Enactment of proposed Illinois legislation that would tax worldwide or tax haven income of corporations could prompt international and constitutional controversies.

Proposed legislation in the Illinois General Assembly (S.B. 1115; H.B. 2085) would return Illinois to worldwide combined reporting as the default method for Illinois corporate income tax filers. Since 1984, Illinois has been a water's-edge combined filing state, excluding the combined return from those unitary entities with more than 80 percent of their business activity outside the United States (the so-called 80/20 rule). The proposed legislation allows an election for water's-edge combined filing, but limits the foreign dividends received deduction to 75 percent, as opposed to the current 100 percent deduction. The legislation also eliminates the 80/20 rule, and it contains a tax haven "blacklist" that would include the income and apportionment factors of entities in so-called tax havens despite a water's-edge election.

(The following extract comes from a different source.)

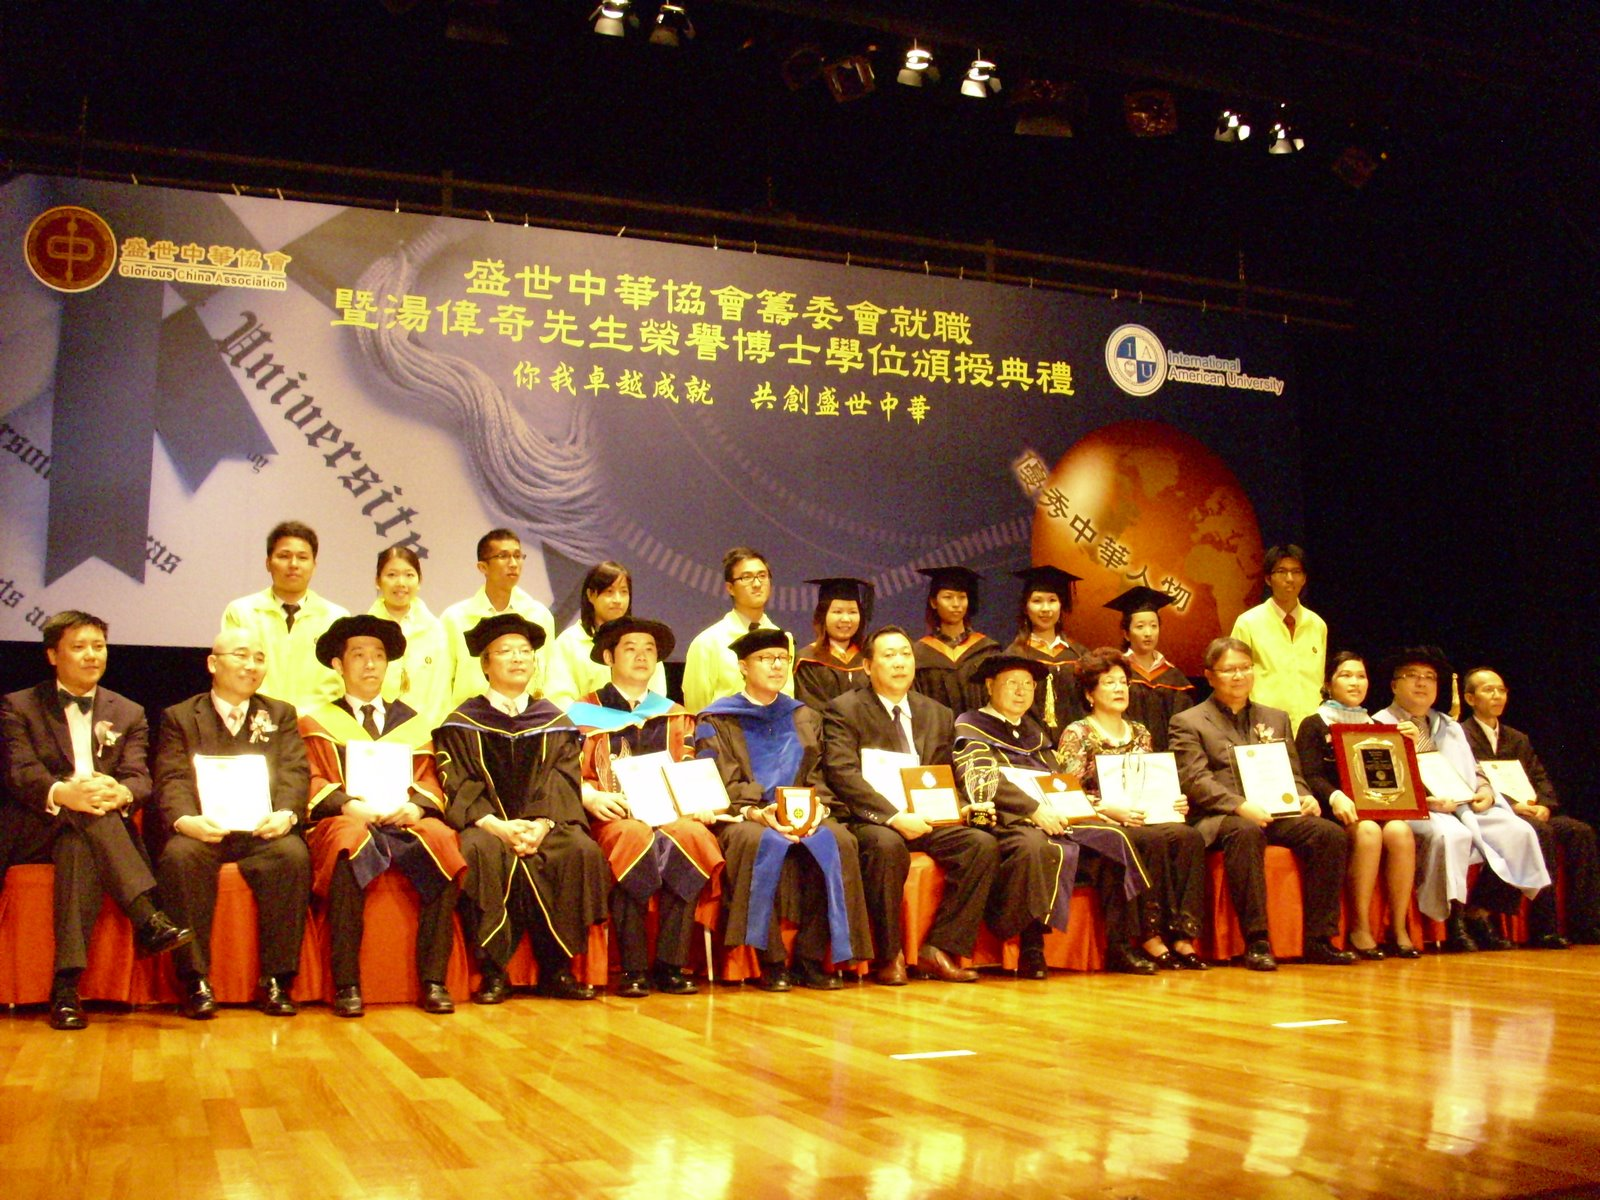 IAU and Glorious China Association celebration.盛世中華協會與美國國際大學博士學位典禮

Worldwide combined reporting is not new to Illinois. In 1974, the Illinois Department of Revenue released administrative guidance stating that the 1969 Illinois Income Tax Act allowed worldwide combined reporting. See Illinois Income Tax Informational Bulletin No. 1974-1 (Oct. 15, 1974). The Illinois Supreme Court agreed in Caterpillar Tractor Co. v. Lenckos, 84 Ill. 2d 102 (1981). In response to the Caterpillar ruling, the General Assembly adopted legislation in 1984 limiting unitary combined reporting to the water's-edge, essentially excluding most foreign entities and income from Illinois tax.

When implemented properly, worldwide combined reporting is constitutional. See Container Corp. of Am. v. Franchise Tax Bd., 463 U.S. 159 (1983). Nevertheless, the proposed legislation in Illinois raises a host of administrative and legal issues. Since 2004, Illinois has had addback provisions for certain payments to unitary foreign members, so it already manages the concerns that worldwide combined reporting and tax haven lists claim to address. Moreover, the tax haven blacklist, which includes Ireland and the Netherlands, invites controversy overseas and constitutional challenges domestically.

The tax impact of the new proposed regime is extremely fact dependent; some taxpayers may pay less, some more. Others might see no change under this new regime. The Illinois legislative session ends in May. Jones Day lawyers will continue to monitor this development closely.